In some ways, this is like coming home for me in terms of X-Men. Though I started reading X-Men during John Romita Jr.'s run, Marc Silvestri's work was some of my favorite on the book at the time, and though I started with "The Trial of Magneto," it didn't take me long to discover "Days of Future Past" or for that to become a favorite story. In that time, however, Silvestri's style (and my tastes) have changed, and while the art is solid, it's not really among my favorites of Morrison's run so far. The story is something I'll have to judge when it's finished, because I think it's either going to be an amalgamation of weird ideas that ends up making little sense or a clever culmination of all the plot points up to this point. I'm hoping for the latter and honestly halfway expecting the former, because while there are a lot of neat ideas in this first issue of the arc, there are also some big questions raised that I don't expect to see answered.
150 years in the future, the X-Men exist in a world shattered and unrecognizable, battling a seemingly unstoppable foe. It's not unlike the premise of "Days of Future Past," except that instead of the danger coming from humans, it comes from the mutants, one that the X-Men had considered a friend. This fits in nicely with Morrison's shift of focus on New X-Men, when the book was less about the labored "fighting to save a world that hates and fears them" and more about the difficulties of integration, so that the heroes of this piece can be humans as well as mutants, and even one former mutant-killing robot gets to wear a white hat.
There are some troubles with this premise, of course. I have trouble buying into the big personality transformation of the villain, and while I could be made to believe it, I wonder if the four issue length means Morrison will skip over that explanation and just expect us to go with it. Ditto for the notion that 150 years in the future, the X-Men haven't changed all that much. There are reasonable explanations for the long life of the villain or Wolverine, and certainly the disembodied nature of the new Professor Xavier makes sense... but why are the Stepford Cuckoos still around? Why does Beak's grandson have exactly the same powers and (forgiving the artistic license resulting from a change in artists) look? These are minor considerations, but they tug at the suspension of disbelief for this reader.
On the art side of things, Marc Silvestri and his various inkers do a decent job, but I can't help but recoil to see some of the '90s Image style returning to this book and to popularity. The scratchy ink lines that are the defining aspect of the style annoy the hell out of me, and everyone seems to have the same sleek, impossibly stretched and well-toned body shape, disappointing when compared to the more realistic proportions of Phil Jimenez, Igor Kordey or Frank Quitely. Still, Silvestri does a great job on the technology, especially the damaged Sentinel and the morphing robot E.V.A., and his hordes of 'crawlers have a nicely sinister look to them as well. In addition, while the backgrounds do tend to fall away, when the work is put into them (as with the first shot of The Manhattan Crater) they look terrific, and the action sequences are equally strong.
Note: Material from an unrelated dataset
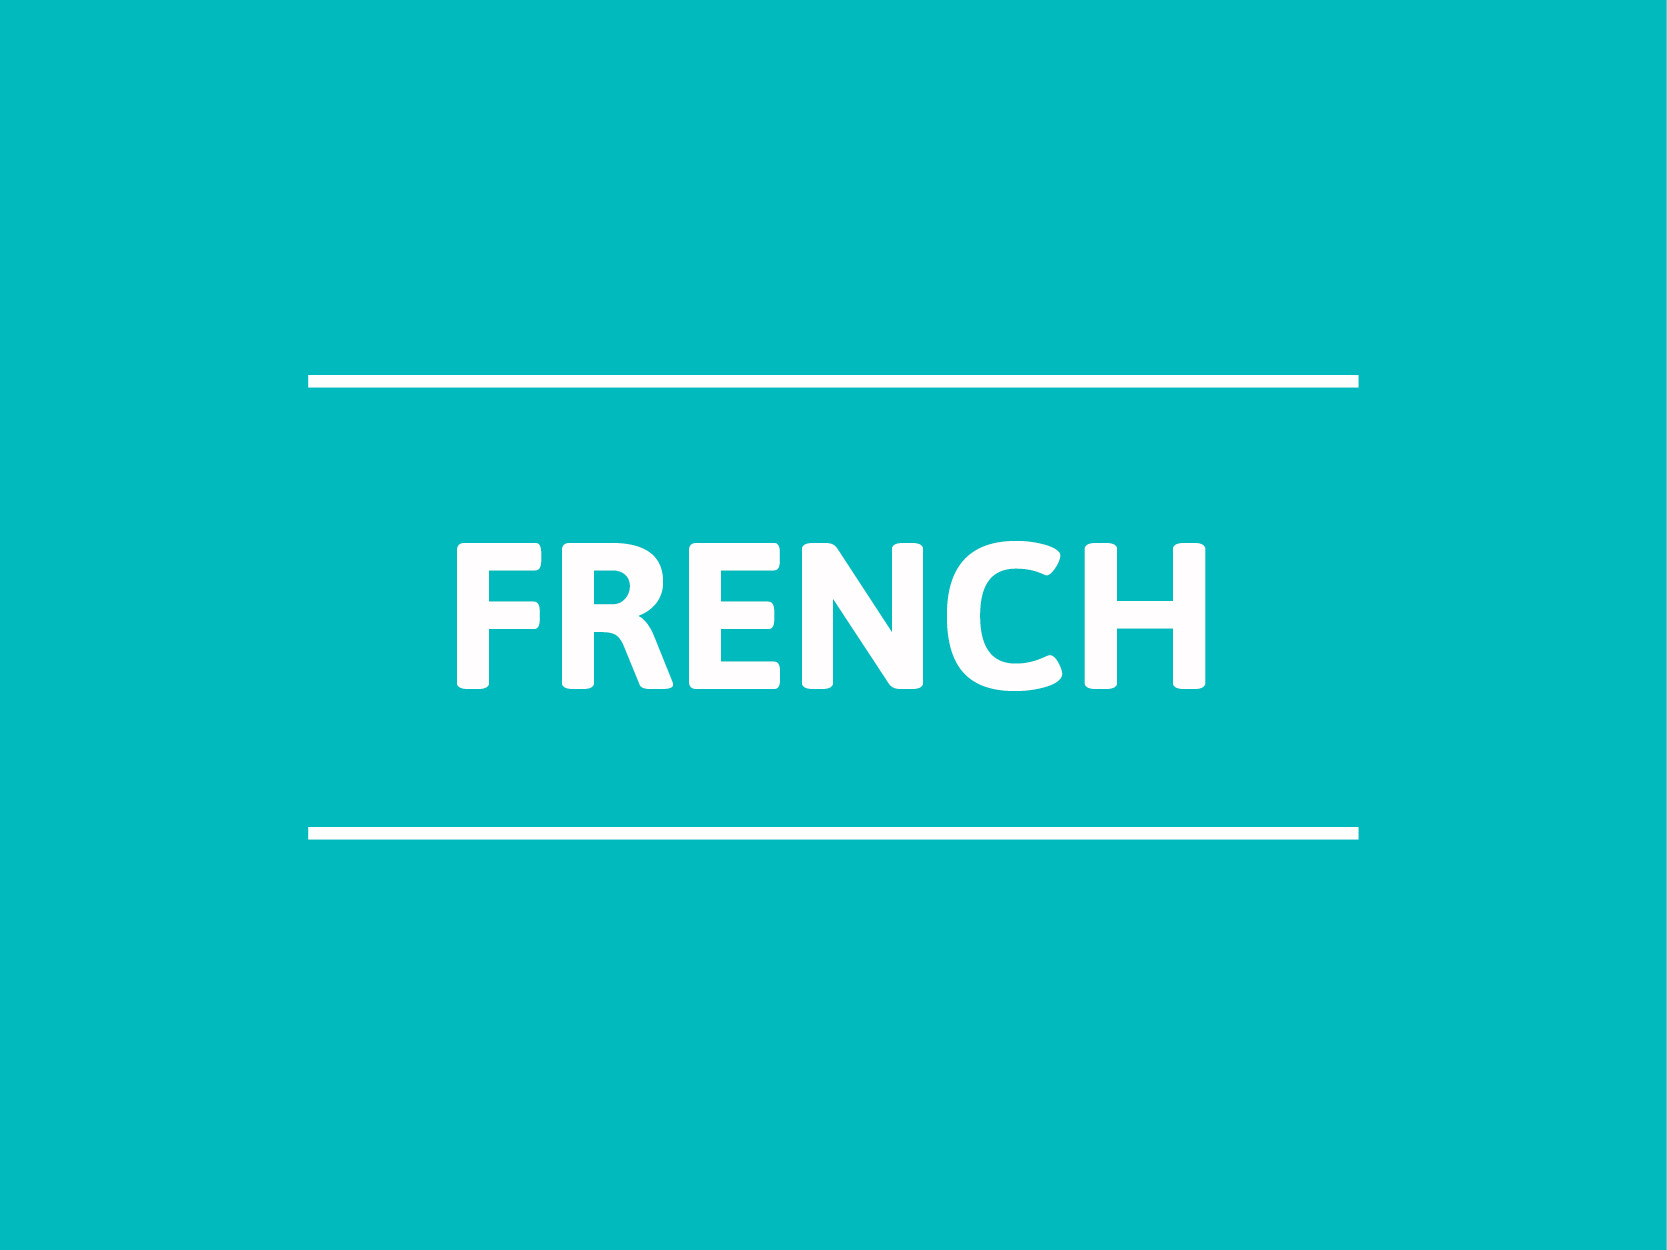 Translation internships for French students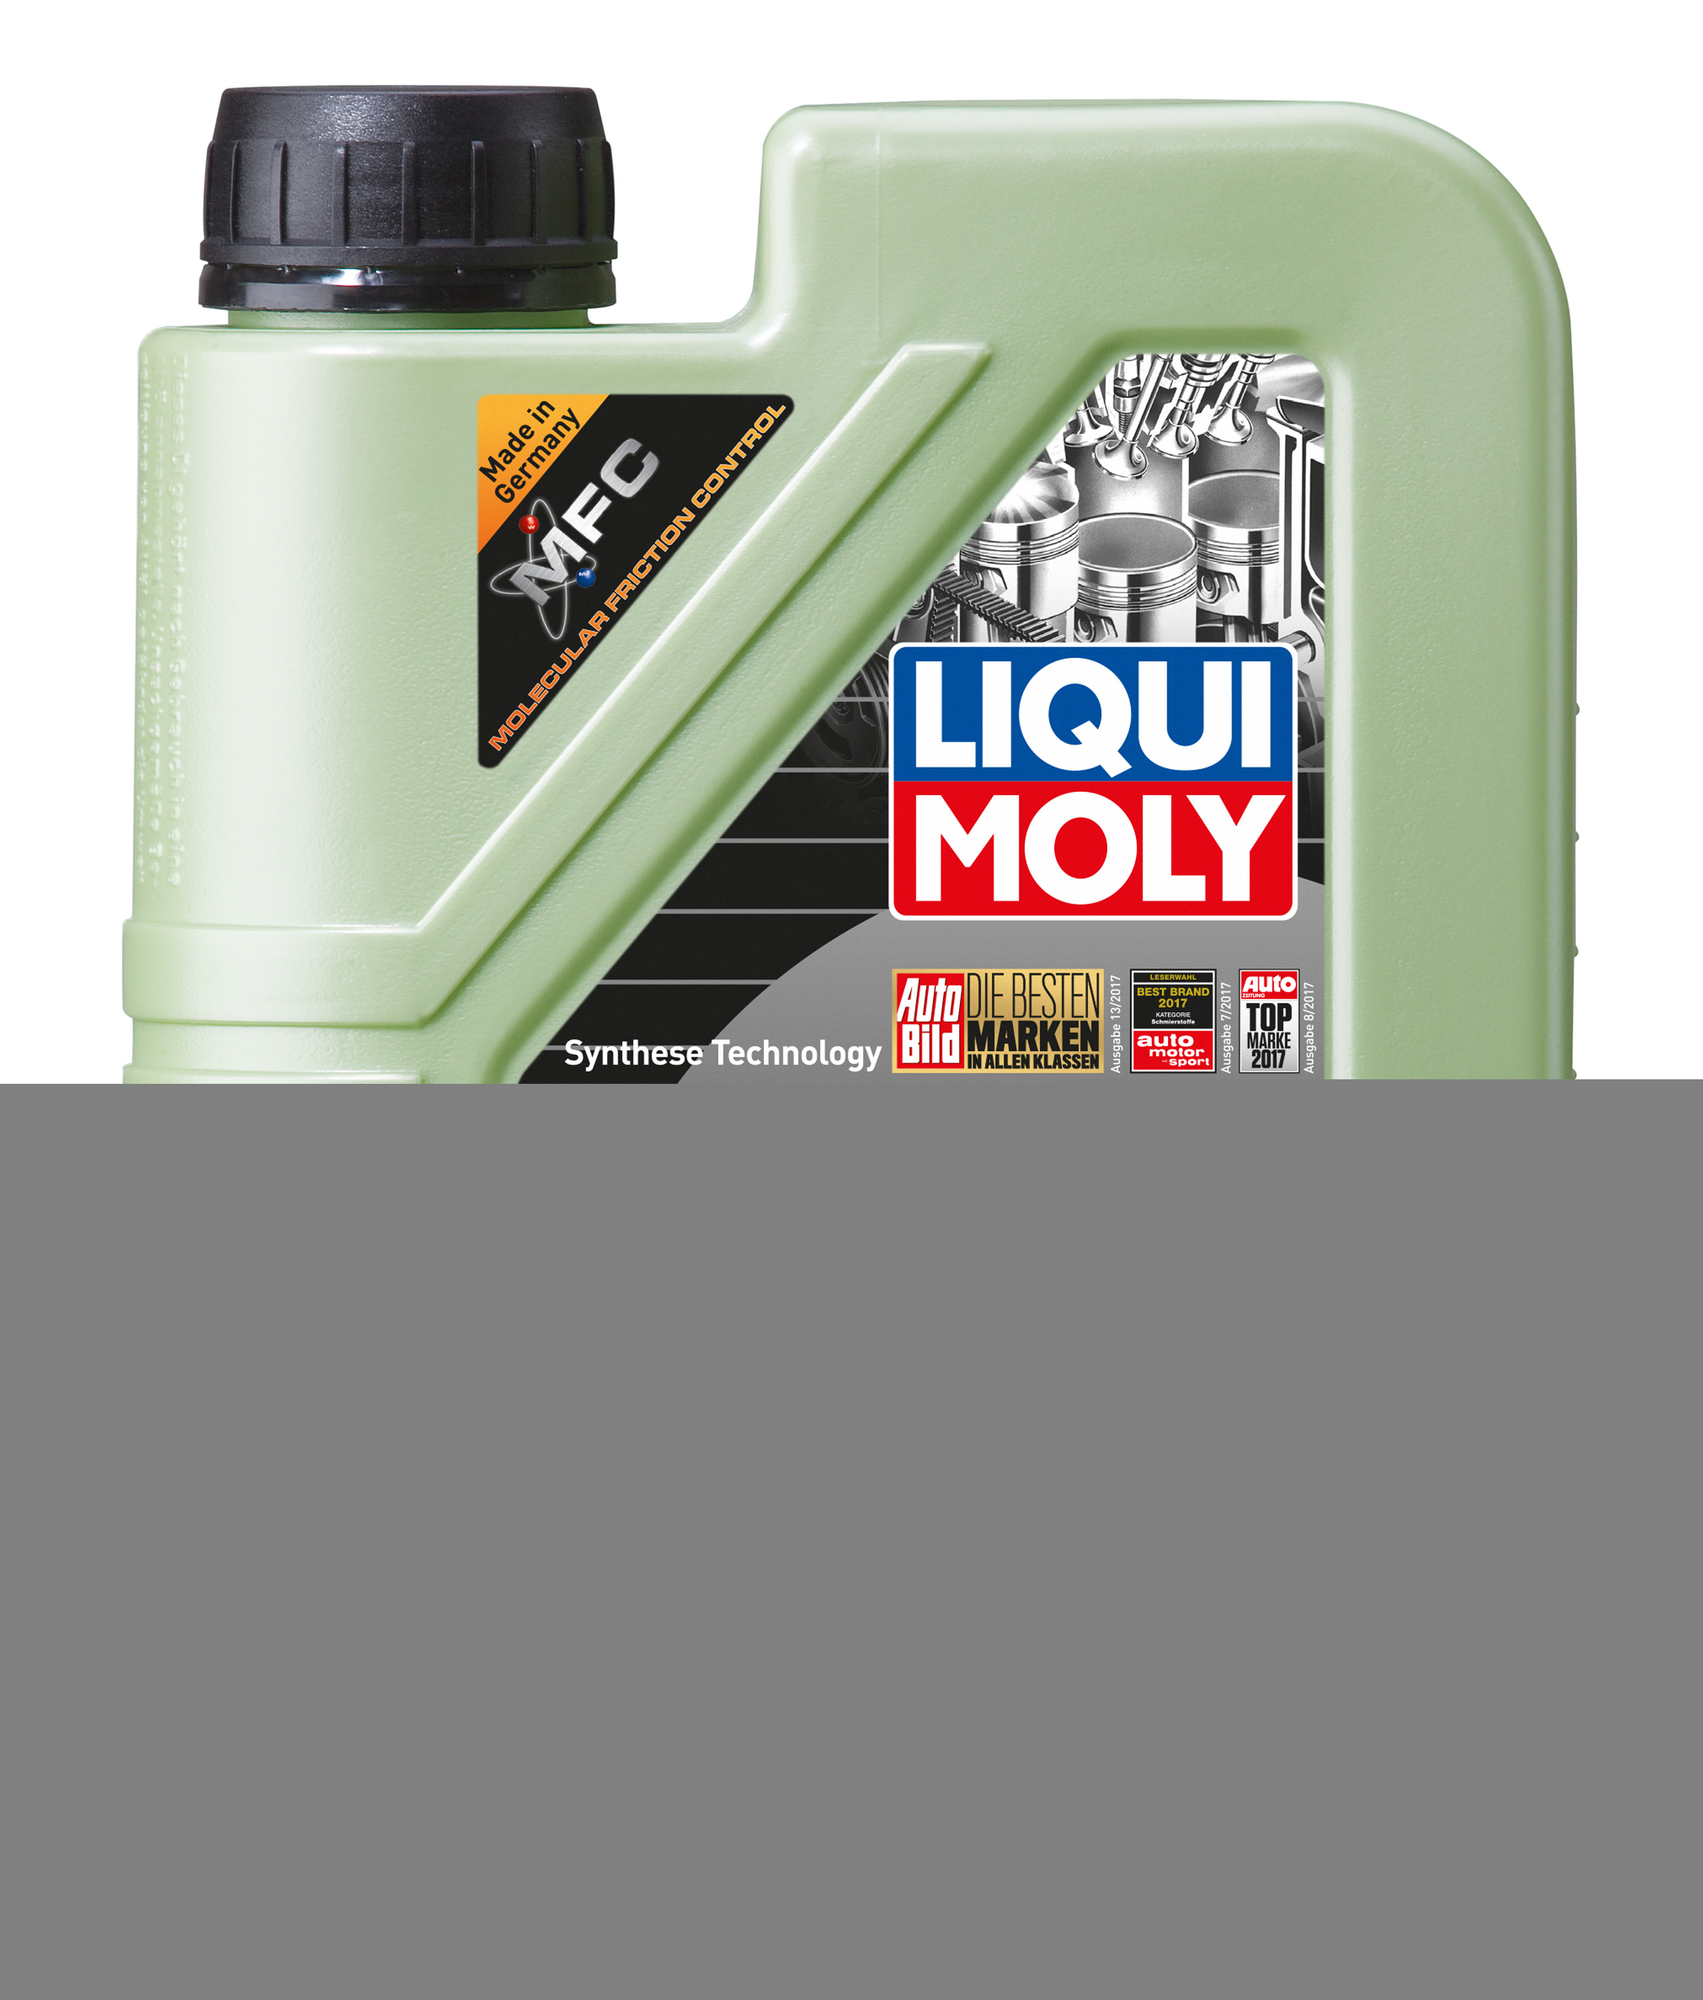 HC-синтетическое моторное масло LIQUI MOLY Molygen New Generation 5W-30

All in all, while I have enough gripes and nervousness that this first issue doesn't wow me, I still expect to be quite satisfied with the finished products. The flaws and ups and downs in New X-Men pale beside Morrison's accomplishment of rehashing old story concepts and villains while still making the book feel fresh, new and exciting for the first time in years. "Here Comes Tomorrow" may wind up being an epilogue that doesn't have as much to do with the big story arc Morrison has done on New X-Men, but my guess, especially given the "150 Years Earlier" sequence at the end of this book, is that he'll be providing a wrap-up that sort of gives his final statement on the characters and leaves things nice and clean for the next writer to play with.